Он мельком взглянул на ее сонное лицо, опять — то ли досадливо, то ли брезгливо — сморщился и, махнув рукой, скрылся за дверью.
Родила Манька ночью, на четвертый день. Все прошло нормально, без осложнений: Манька аккуратно выполняла советы врача, легко переносила боль и, когда услышала крик своей дочери, когда увидела ее сморщенное, красное личико, большеротое и слепое, словно кошачье, вдруг почувствовала, что устала. Она закрыла глаза и просто уснула. Ей ничего не снилась.

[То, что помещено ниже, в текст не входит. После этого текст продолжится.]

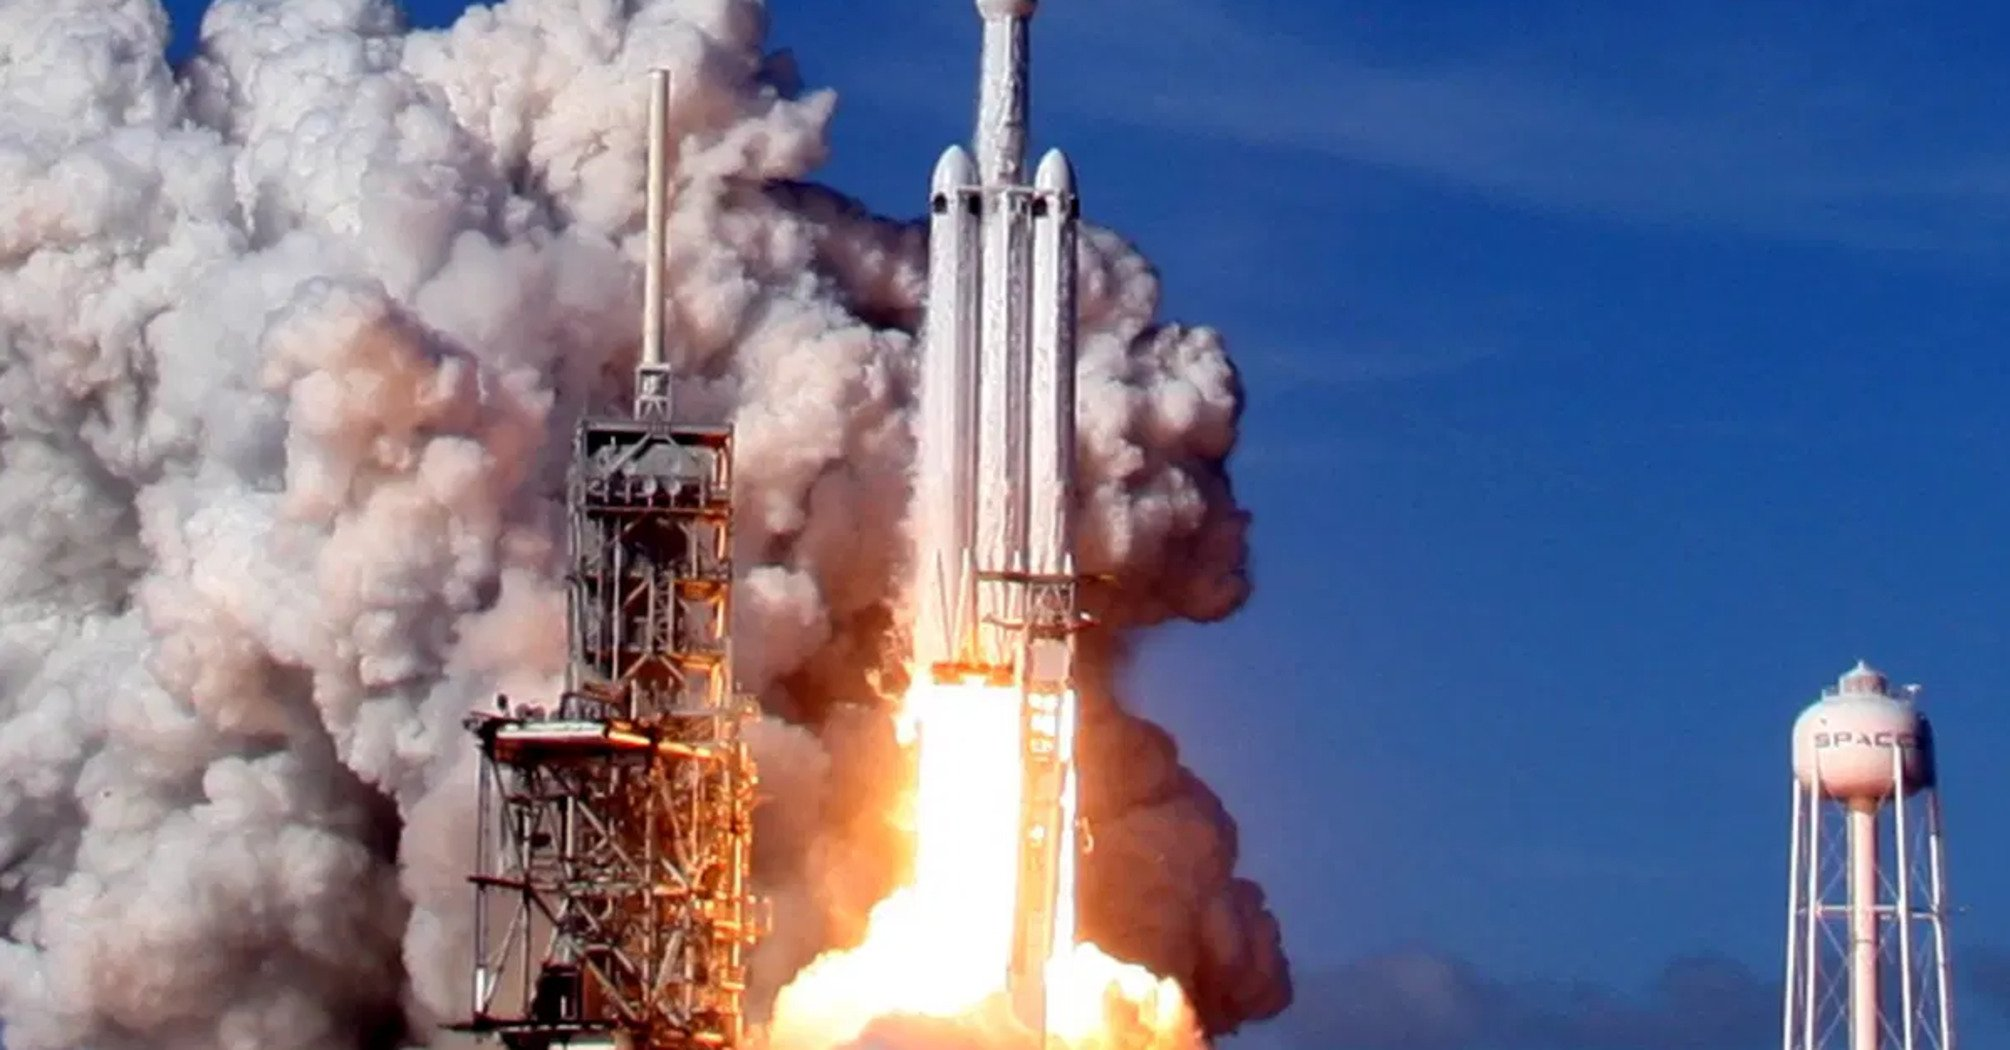 SpaceX запустила очередную ракету со спутниками Starlink. Яркое видео

Она лежала в послеродовой палате, чувствовала пустоту и легкость в себе, и порой ее захлестывало радостное чувство удивления от того, что вот в силу каких-то чудесных законов она раздвоилась, разделилась на две половины, и ее вторая часть лежит там, через две палаты, беспомощная и слабая, с закрытыми глазами, которые еще хранят теплую темноту ее чрева.
Она старалась душой переселиться в тот маленький живой комочек, что вышел из нее, и, когда ей это удавалось, она начинала засыпать, сразу проваливаясь в мягкую, зыбкую полудрему.
Просыпалась, по-новому осмысливая себя, на разные лады перекладывала слова «мама», «дочь», «я — мама», входила в новое состояние, и это было удивительно: что-то кончилось, она другая и в то же время она — прежняя. Казалось странным, что вот стала матерью, а все, что было до этого, помнит. И детство свое, и пироги, которые пекла мама, и всю ту мутную полосу жизни, после маминой смерти, — так много всякого. И как здорово, что новая жизнь, появляющаяся с чистой, как лист бумаги, памятью, не зачеркивает, не уничтожает ту, которая породила ее, и благородно ей вверяет заботы о себе, и разрешает носить себя на руках, целовать, запоминать свои черты.